The Drugs Technical Advisory Board (DTAB) has approved a sub-committee report recommending a ban on 16 Fixed-Dose Combinations (FDCs), citing serious health risks.
- The DTAB is set up by the Union Government under the Drugs and Cosmetics Act, 1940 to advise the Central/State Government.
What Are FDCs?
- FDCs are medicines that have more than one active ingredient (chemical compounds in medicines that have an effect on the body) in a single pill, capsule, or shot.
- They are meant for patients with conditions such as tuberculosis and diabetes for which they need to take multiple medicines regularly.
- They reduce the number of pills the patient needs to take each day, and help improve adherence to the treatment.
Why are FDCs being Banned?
- Lack of Proper Trials: Many banned FDCs were approved without proper clinical trials, as individual ingredients were already approved.

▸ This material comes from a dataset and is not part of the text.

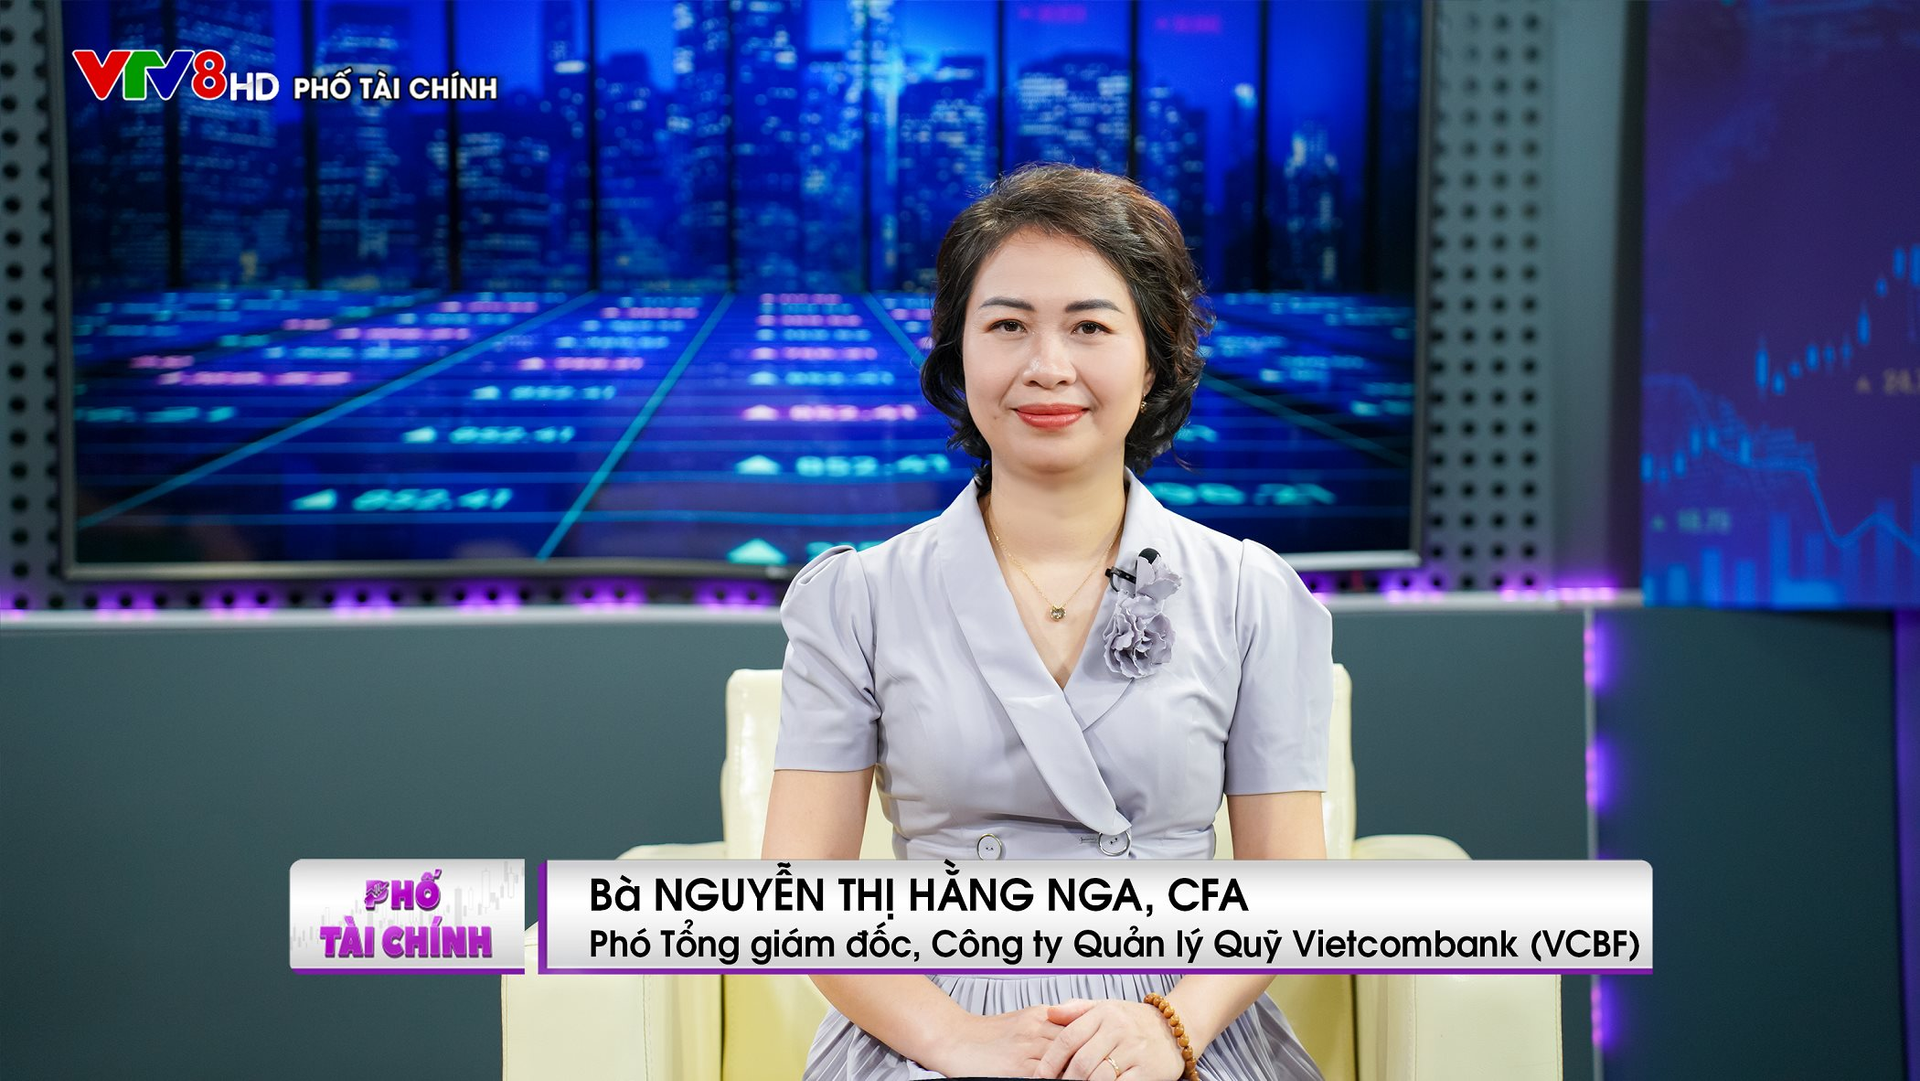 Phó Tổng giám đốc VCBF: Tiềm năng ngành quản lý quỹ ở Việt Nam còn rất lớn. - Ảnh 1.

- According to the new drugs and clinical trial rules of 2019 rules, FDCs must be treated as new drugs and approved by the central drug regulator.

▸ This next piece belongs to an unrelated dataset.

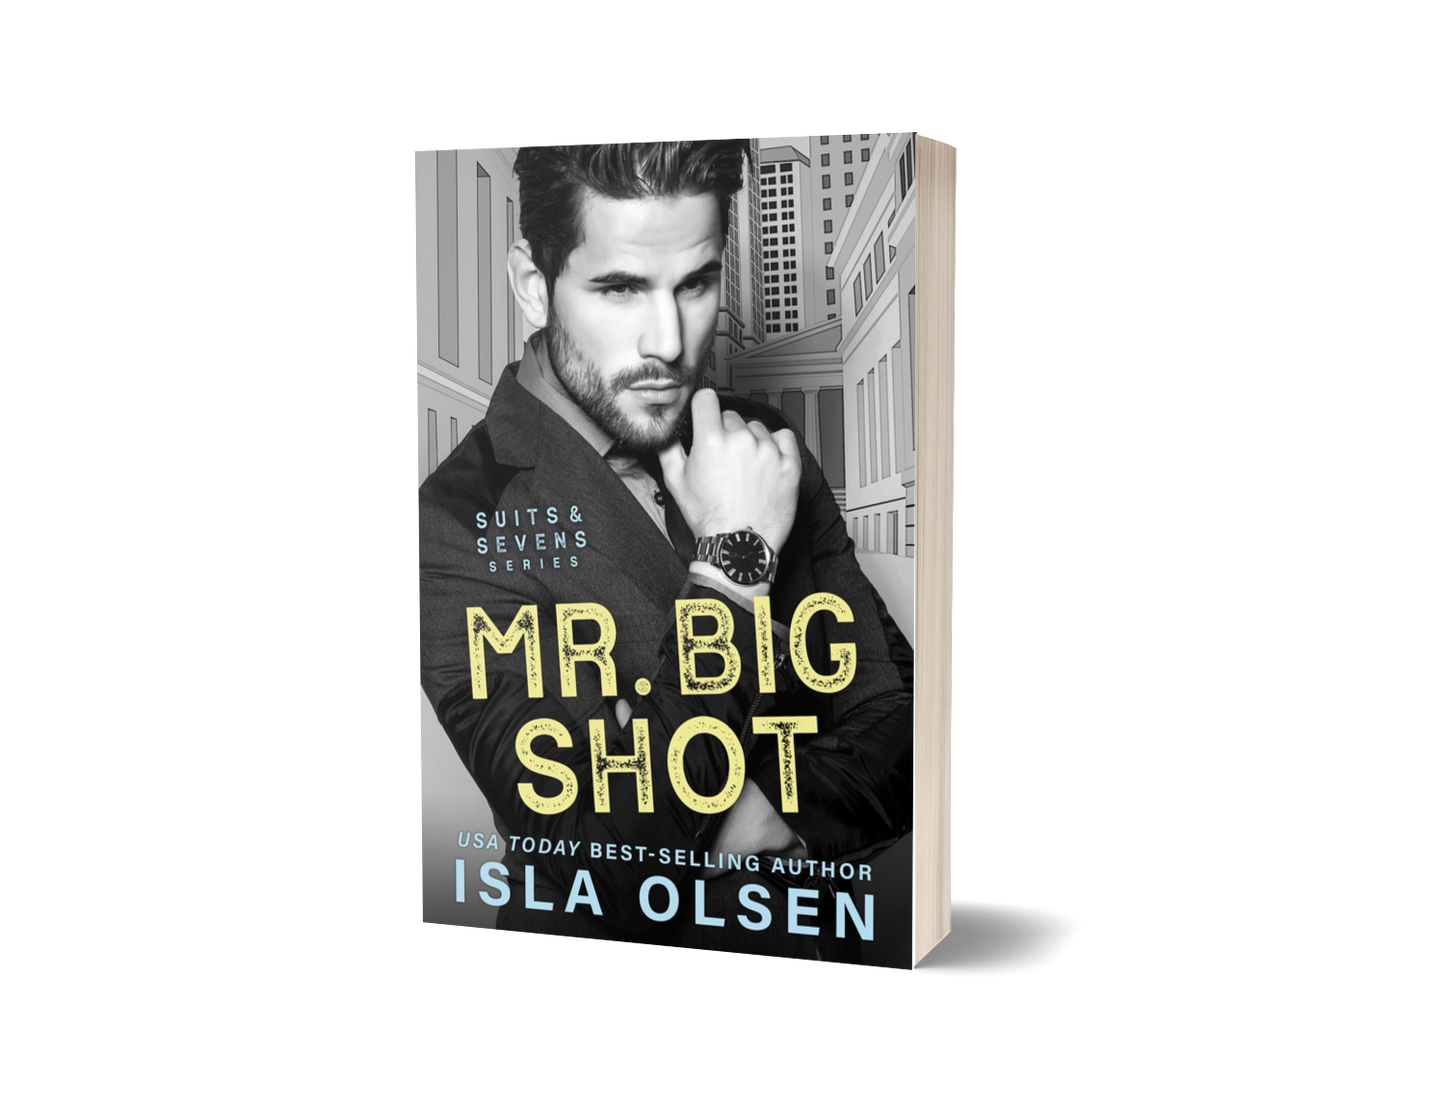 Mr Big Shot: Suits & Sevens Book 1

- Irrational intake: Some FDCs contain drugs that are unnecessary for all patients.
- Antibiotic Resistance: Overuse of antibiotic FDCs can cause antibiotic resistance, making infections harder to treat.
- Despite previous bans, a 2023 study found that antibiotic FDC sales in India increased from 32.9% (2008) to 37.3% (2020).
- Price Control Evasion: Drug companies often use FDCs to avoid government price controls on essential medicines by marketing them as new combinations.